Companies implement sales commission strategies to incentivize their sales teams and drive revenue growth. By offering financial rewards tied to performance, these strategies motivate salespeople to meet or exceed targets, align their efforts with business goals, foster healthy competition, and attract and retain top talent. Sales commissions provide flexibility in compensation, enabling companies to reward high performers generously while controlling fixed labor costs. They also boost morale, encourage upselling and cross-selling, and adapt to changing market conditions, making them a powerful tool for achieving sales objectives and overall business success. Plentive creates individualized incentive plans for every employee.

Creating a sales commission strategy requires careful planning and consideration to align the interests of your sales team with the goals of your organization. Here are some helpful steps to create an effective sales commission strategy:

How to Create an effective sales commission strategy

  1. Define Clear Sales Objectives:

Start by outlining your company’s sales objectives and goals. What do you want to achieve through your sales team? This could include revenue targets, market share goals, or specific product/service sales targets.  We believe creating team and individual objectives is crucial.

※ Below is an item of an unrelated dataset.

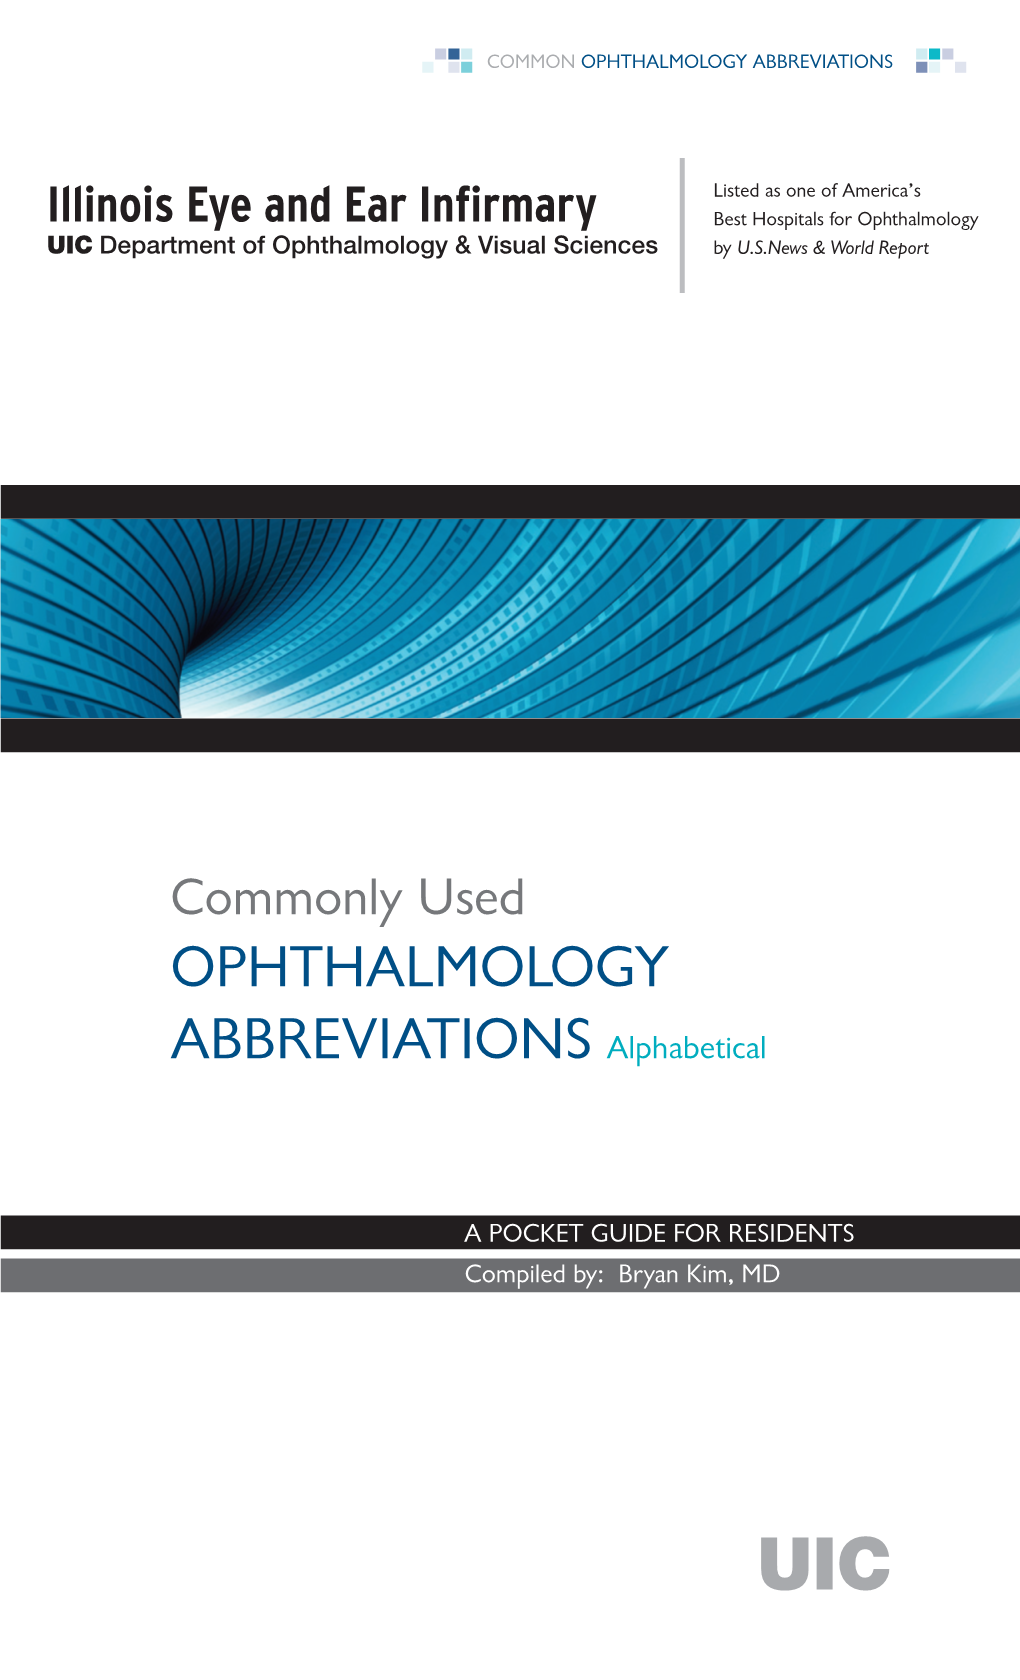 Ophthalmology Abbreviations Alphabetical

2. Understand Your Sales Team:

Understand your sales team’s composition, including the size, experience, and skills of your salespeople. Different team members may require different commission structures.  Having team leads help create individual team members and team goals is necessary.

3. Determine Compensation Philosophy:

Decide on your company’s compensation philosophy. Are you aiming to motivate high performers, retain top talent, or encourage specific behaviors (e.g., selling high-margin products)? Your philosophy will influence the design of your commission plan.

4. Set Commission Structure:

  • Choose a commission structure that aligns with your objectives and philosophy. Common structures include:
  • Straight Commission: A percentage of the sales revenue.
    • Tiered Commission: Commission rates increase as sales targets are met or exceeded.
    • Profit Margin-Based: Commission based on the profitability of the sale.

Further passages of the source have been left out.